A Tinder Progressive Web App Performance Case Study - Rewritten!
Tinder recently made a bold move by launching their responsive Progressive Web App (PWA) - Tinder Online. This innovative app is now available to 100% of users on desktop and mobile, leveraging techniques for JavaScript performance optimization, Service Workers for network resilience, and Push Notifications for chat engagement.
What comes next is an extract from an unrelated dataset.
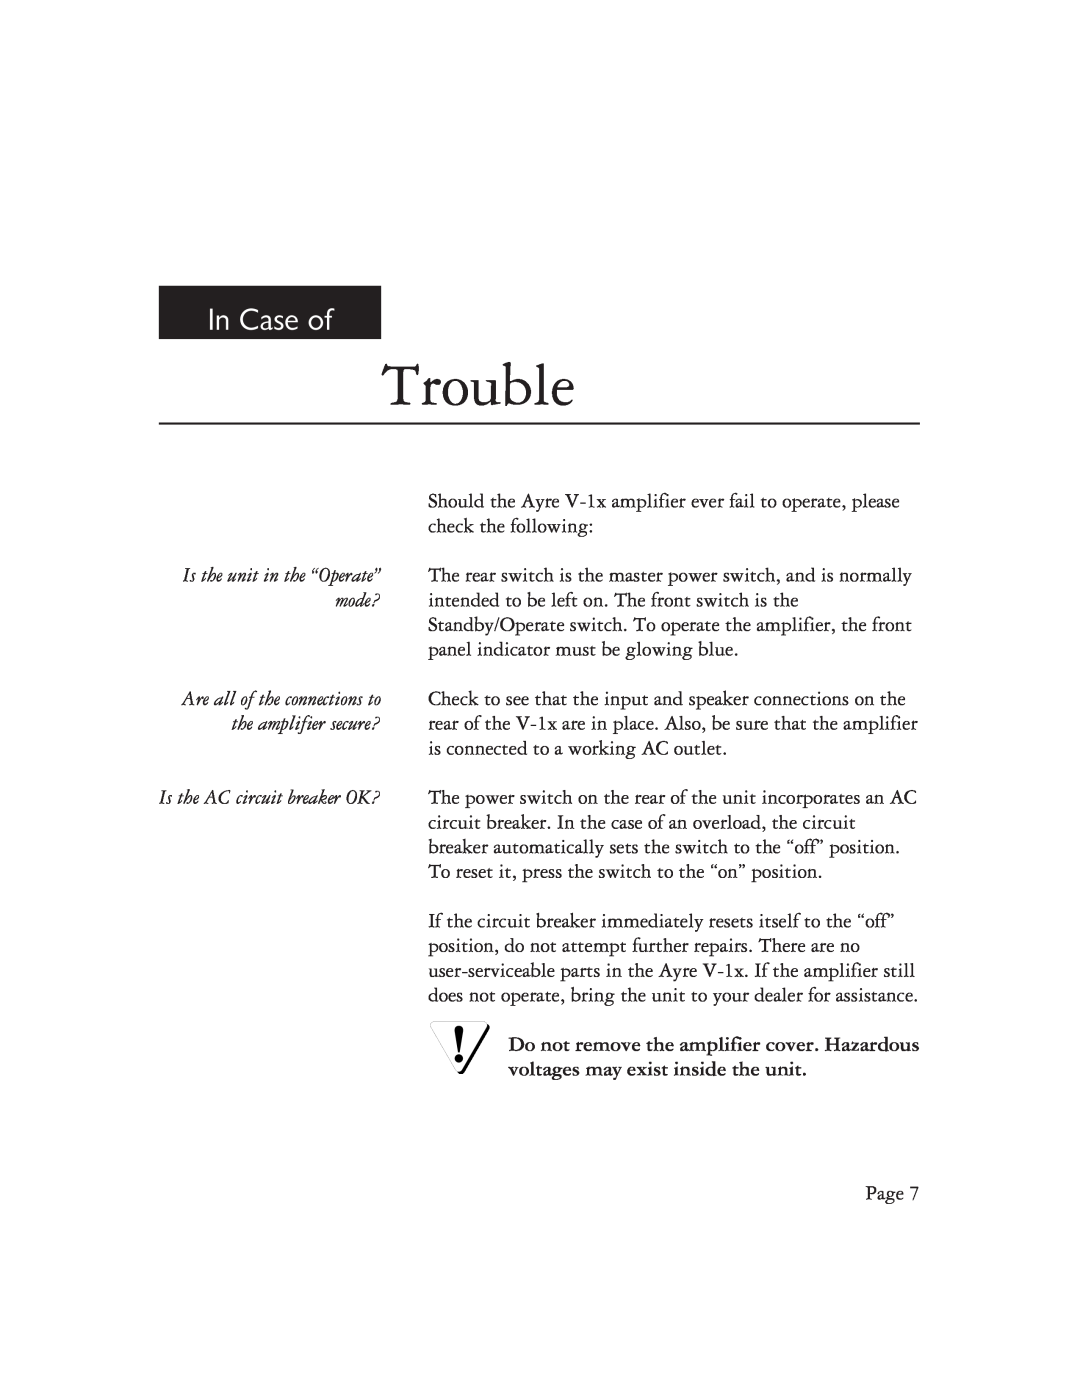 Ayre Acoustics V-1x owner manual Trouble, In Case of

Journey to a Progressive Web App
Tinder's goal was to get adoption in new markets while striving to hit feature parity with V1 of Tinder's experience on other platforms. The MVP for the PWA took just 3 months to implement using React as their UI library and Redux for state management. The result? A PWA that delivers the core Tinder experience at a fraction of the data-investment costs, making it accessible to users in data-costly or data-scarce markets.
Performance
The mobile devices users most commonly access Tinder Online with include Apple iPhone & iPad, Samsung Galaxy S8, Samsung Galaxy S7, and Motorola Moto G4. Using Chrome User Experience reports (CrUX), we can see that the majority of users accessing the site are on a 4G connection. Testing the new experience on WebPageTest and Lighthouse (using the Galaxy S7 on 4G) reveals impressive load times - under 5 seconds!
Performance Optimization
Tinder improved page load speeds by implementing route-based code-splitting, introducing performance budgets, and long-term asset caching. Code-splitting broke up large, monolithic JavaScript bundles into smaller, more manageable chunks, significantly reducing load times.
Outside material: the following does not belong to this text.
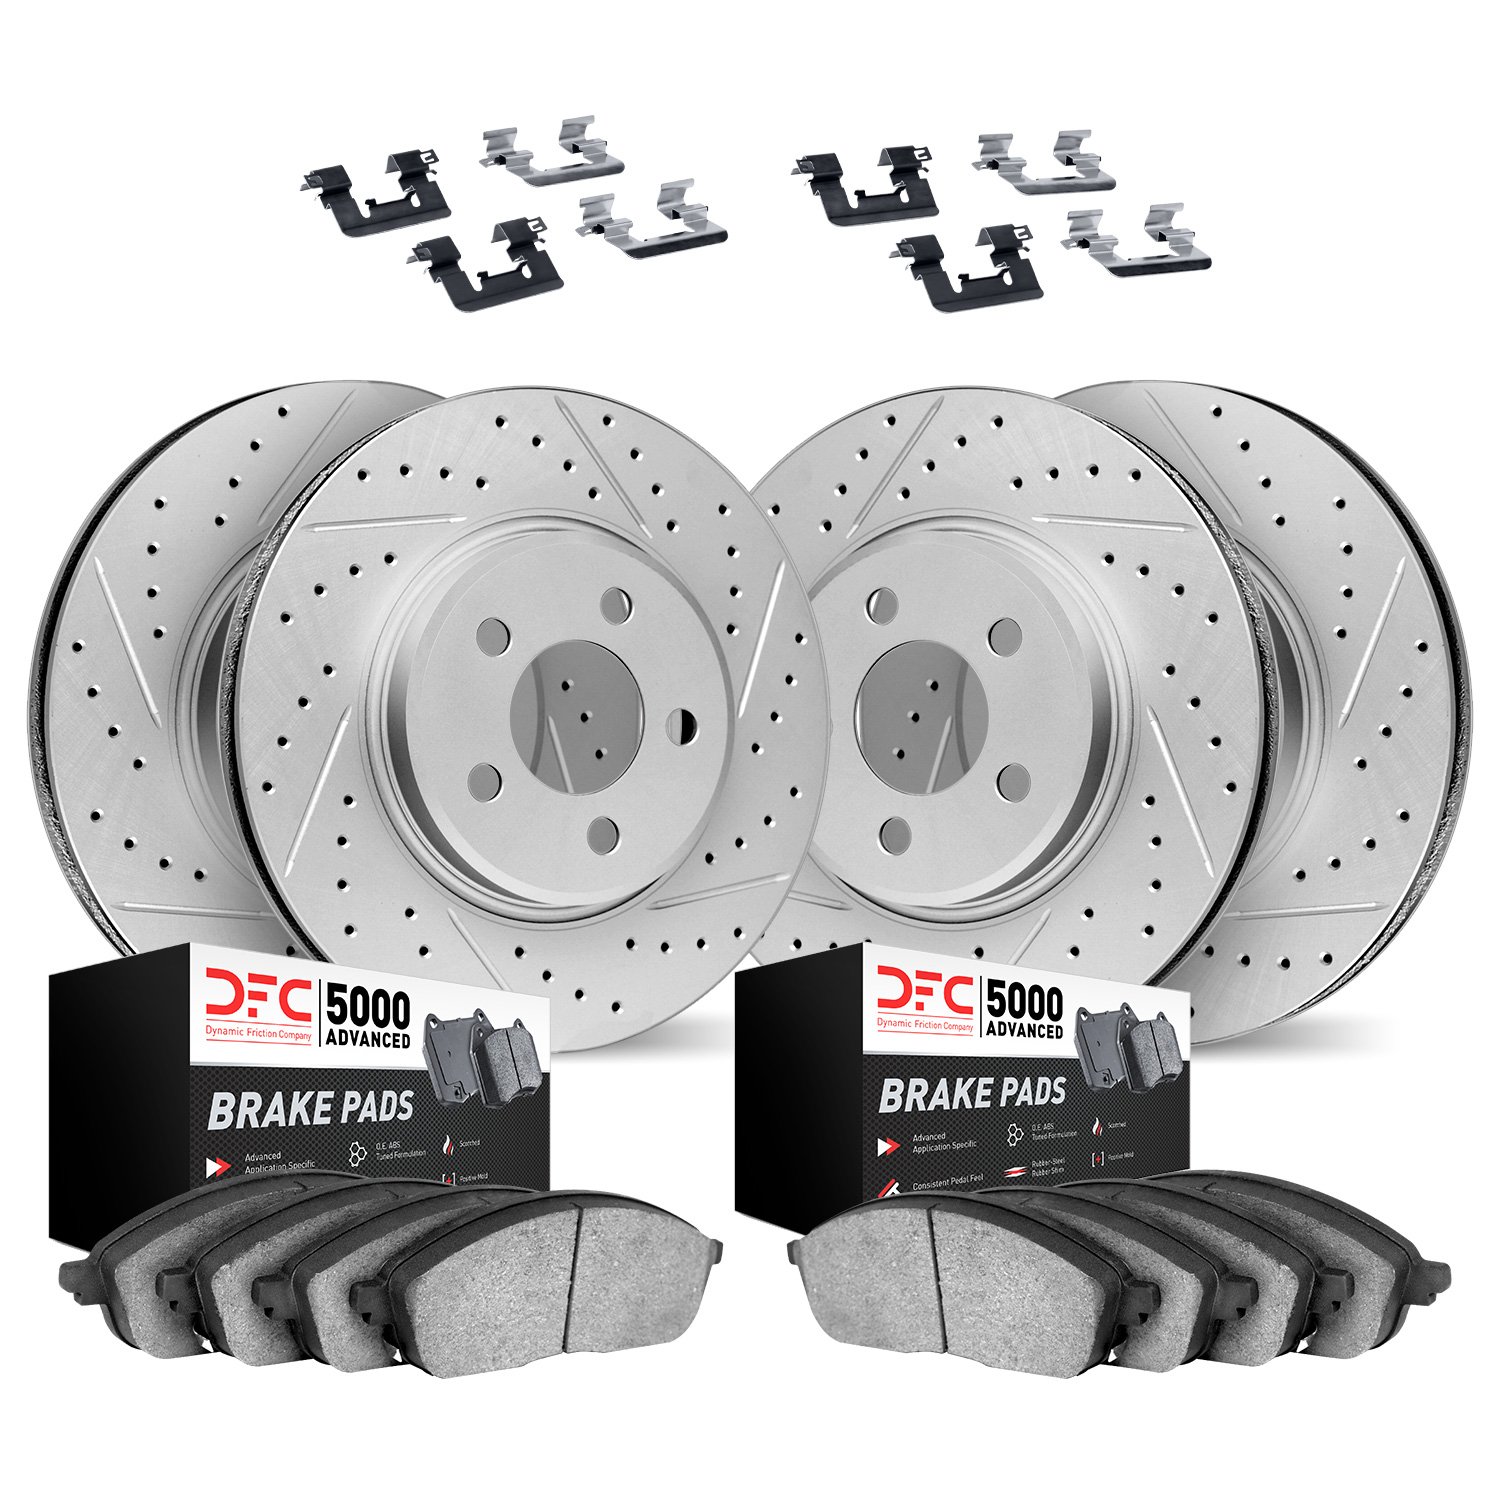 2514-63001 Geoperformance Drilled/Slotted Rotors w/5000 Advanced Brake Pads Kit & Hardware, 2019-2019 Mercedes-Benz, Position: F

Route-level code-splitting
Initially, Tinder had massive JavaScript bundles containing code that wasn't immediately needed to boot-up the core user experience. By using React Router and React Loadable, they were able to implement code splitting at the top level, making it easy to split up bundles at a component level.
Performance Budgets
Tinder adopted performance budgets to hit their mobile performance goals. As Alex Russell noted in "Can you afford it?: real-world performance budgets", you have a limited headroom to deliver an experience when considering slow 3G connections being used on median mobile hardware. To get and stay interactive quickly, Tinder enforced a budget of ~155KB for their main and vendor chunks.
Long-term asset caching
To benefit from long-term caching of static resources output by webpack, Tinder added [chunkhash] to add a cache-buster to each file. This ensured that changes to open-source libraries wouldn't invalidate the cache.
Impact
After introducing route-based code-splitting, their main bundle sizes went down from 166KB to 101KB, and DCL improved from 5.46s to 4.69s. Long-term asset caching further reduced bundle size to about 160KB for both chunks. Preloading late-discovered resources reduced load time by 1s and first paint from 1000ms to about 500ms.
By leveraging these techniques, Tinder Online has proven that swift app development can be achieved with a Progressive Web App, delivering an exceptional user experience while reducing data costs. As the PWA continues to evolve, we look forward to seeing more innovative performance optimization strategies being implemented!